# [Provided data]
§

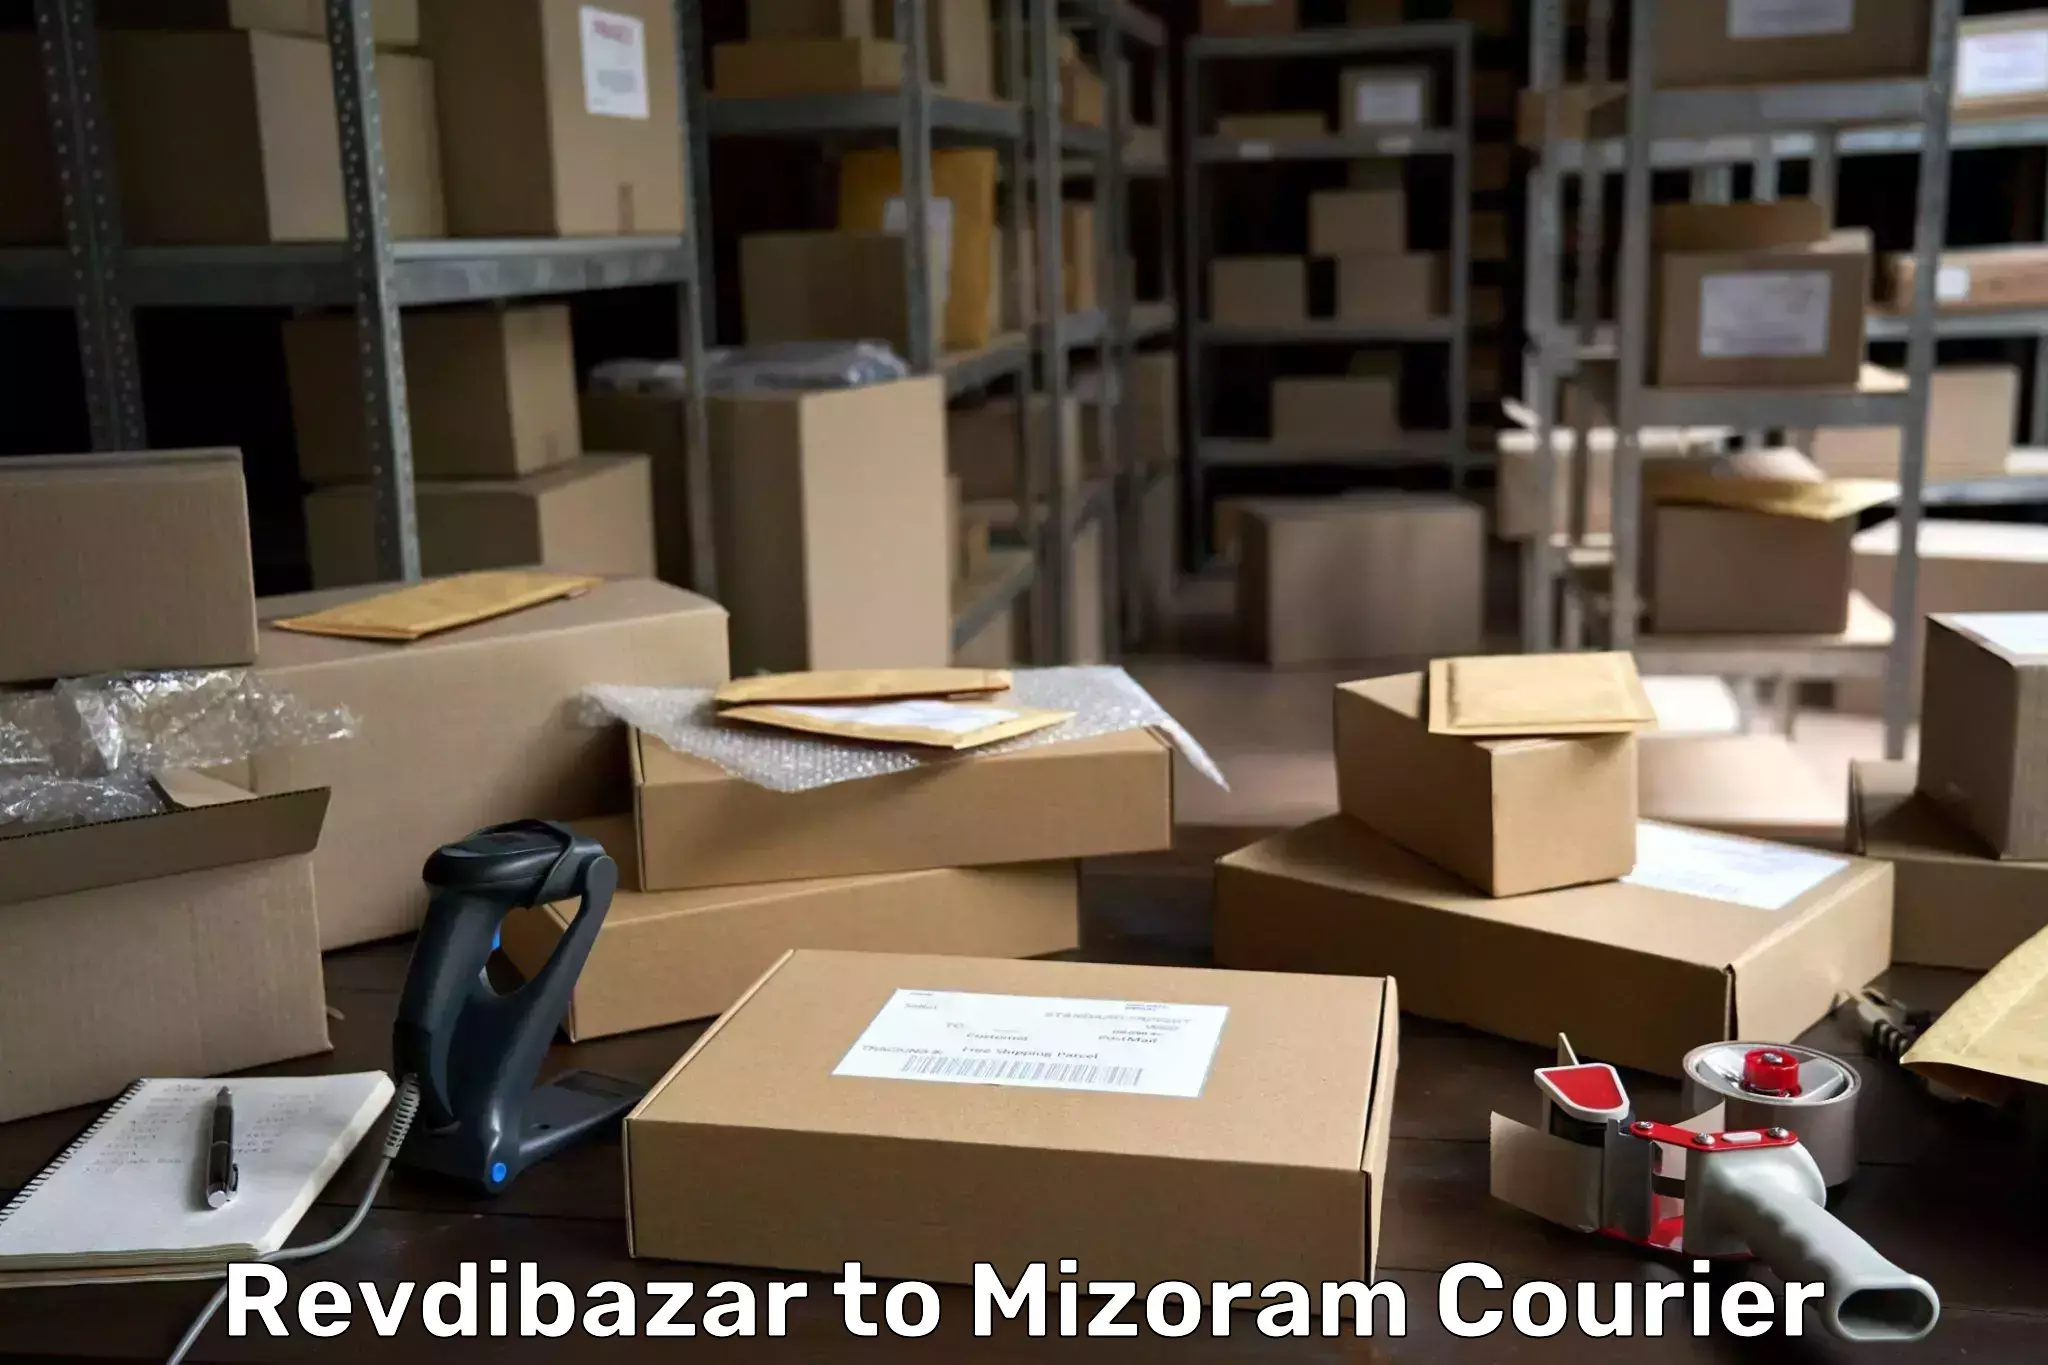 Multi-service courier options Revdibazar to Mizoram
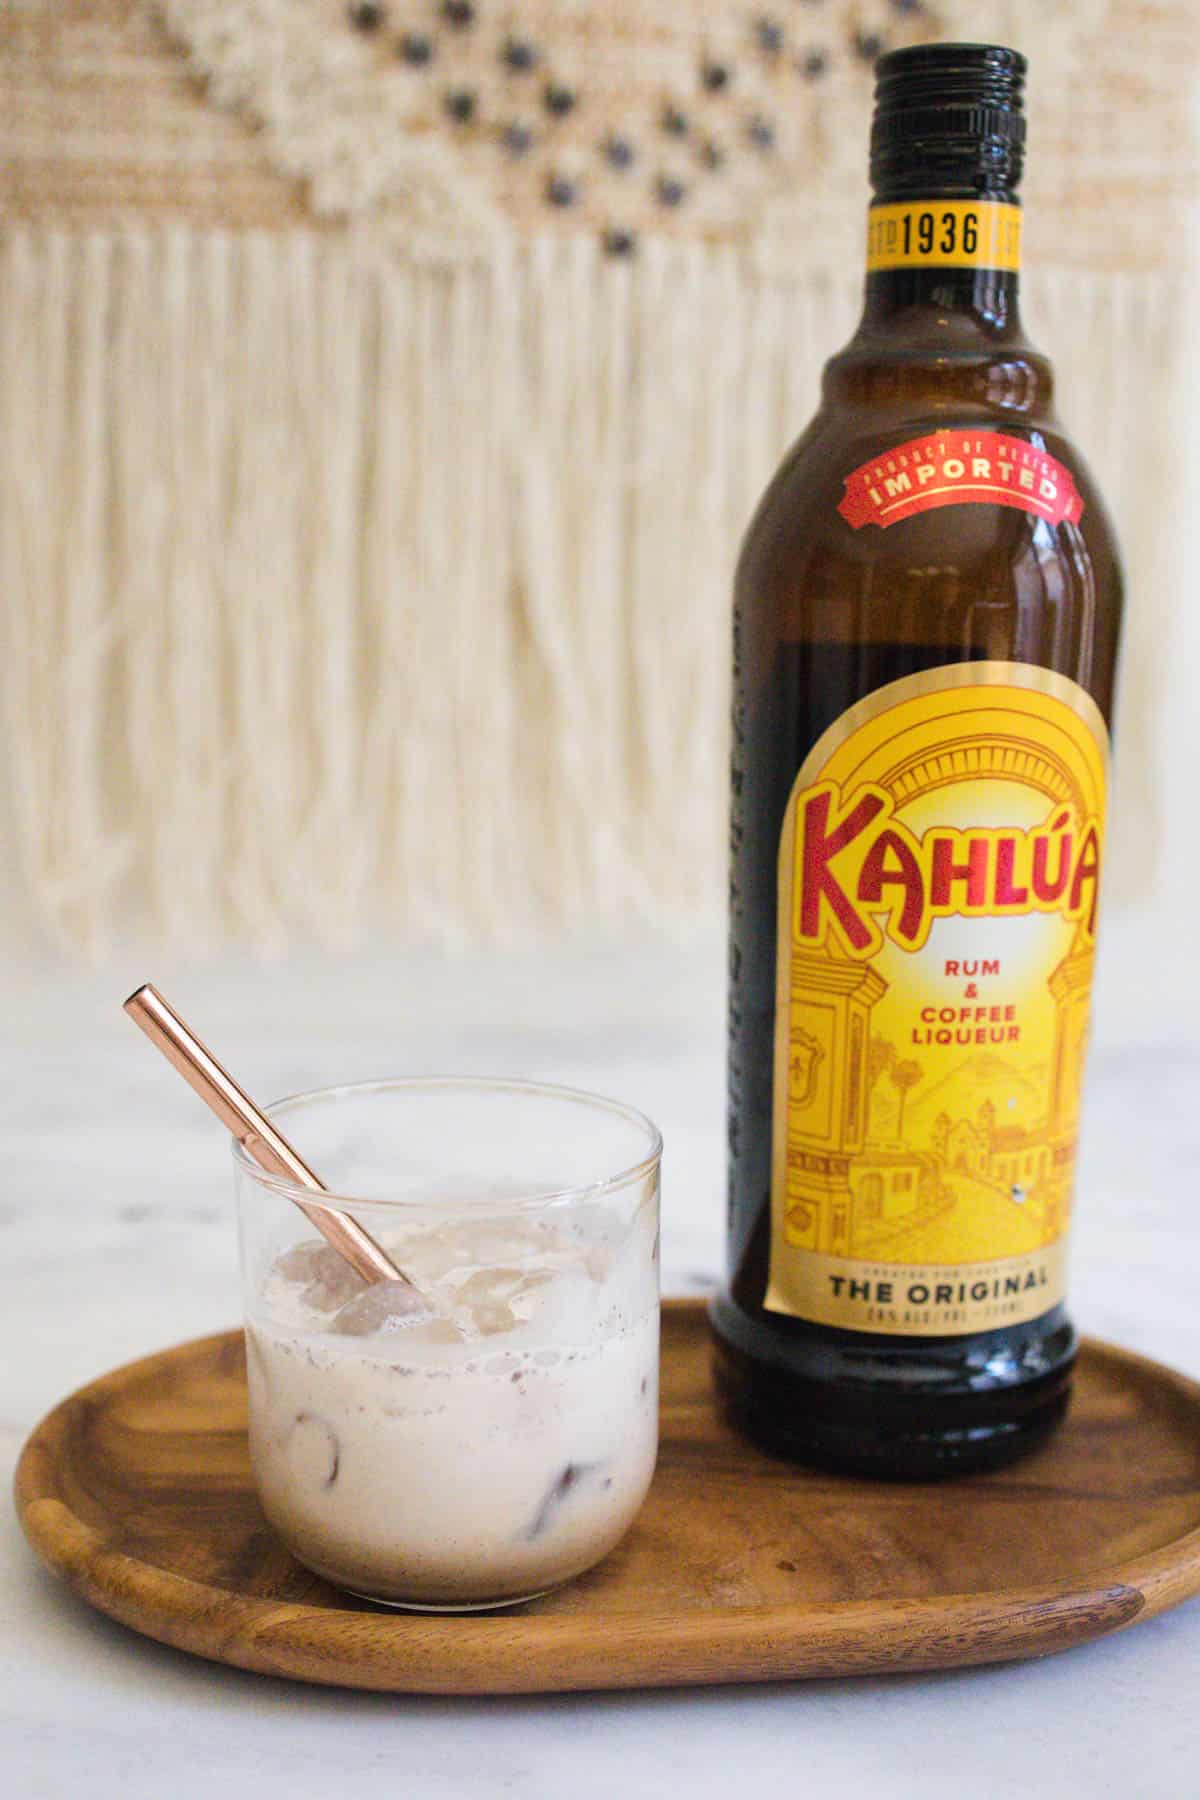 Kahlua and Cream cocktail next to a bottle of Kahlua.
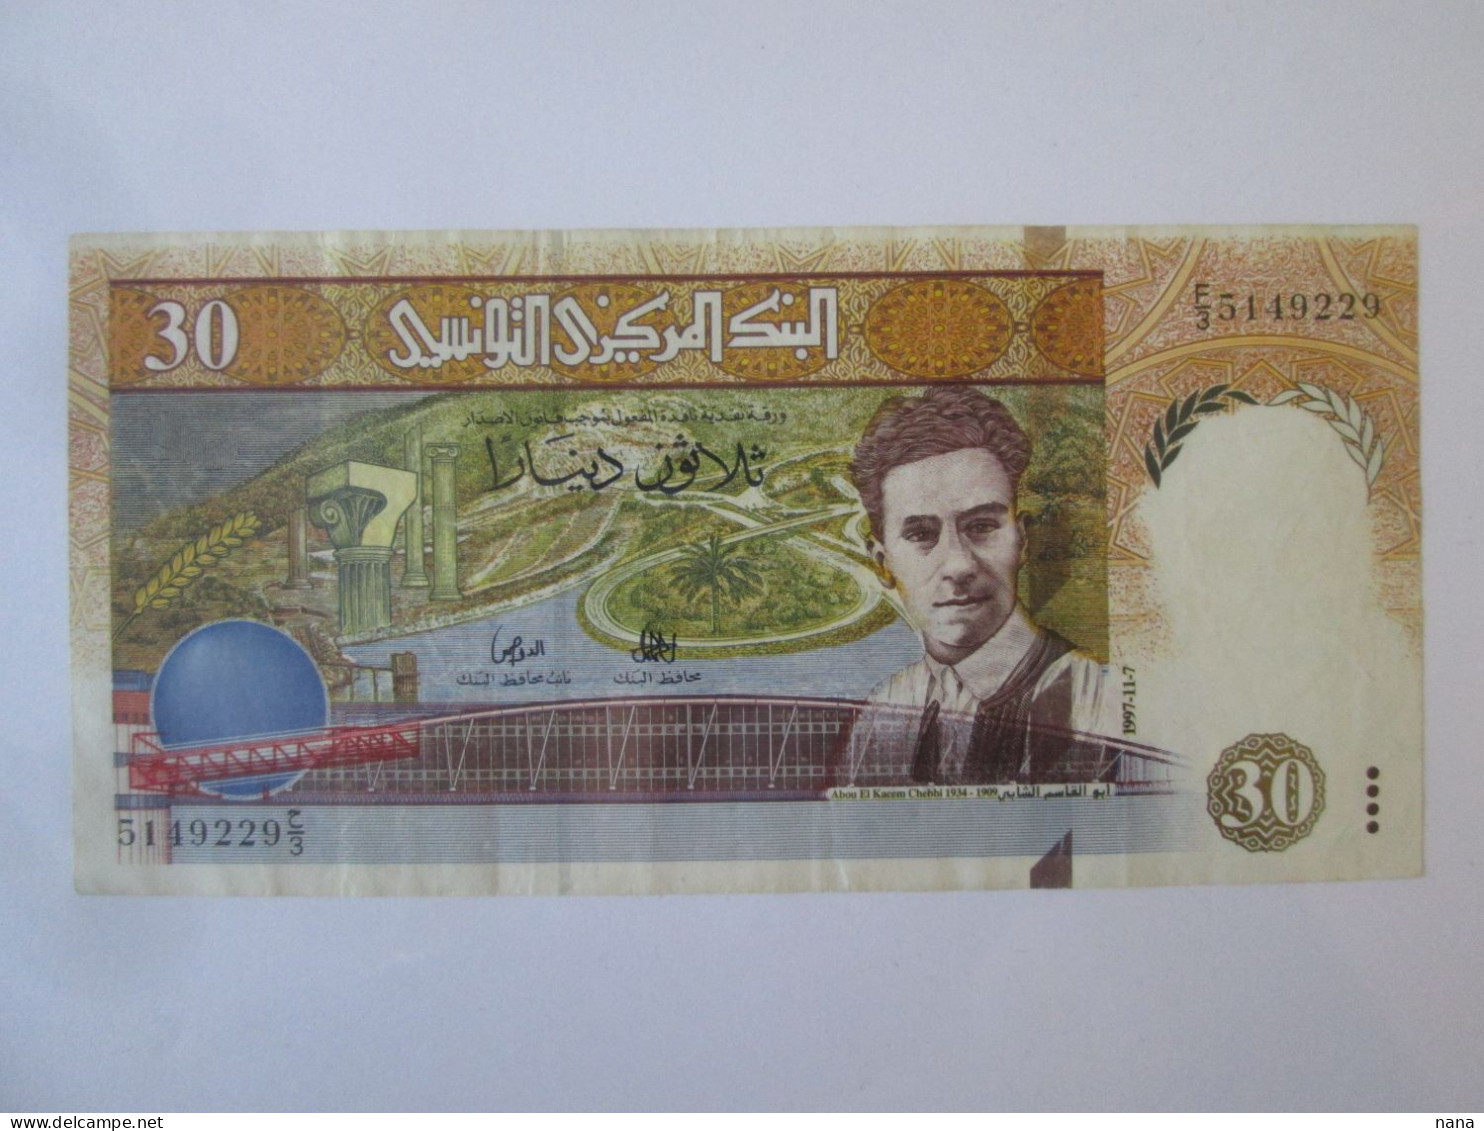 Tunisia/Tunisie 30 Dinars 1997 Banknote AUNC See Pictures - Tunesien

§

# [What is expected]
Nothing but the pictures is to be left out; repeat the data exactly.

# [Output for this task]
 Multi-service courier options Revdibazar to Mizoram
 Kahlua and Cream cocktail next to a bottle of Kahlua.
 Tunisia/Tunisie 30 Dinars 1997 Banknote AUNC See Pictures - Tunesien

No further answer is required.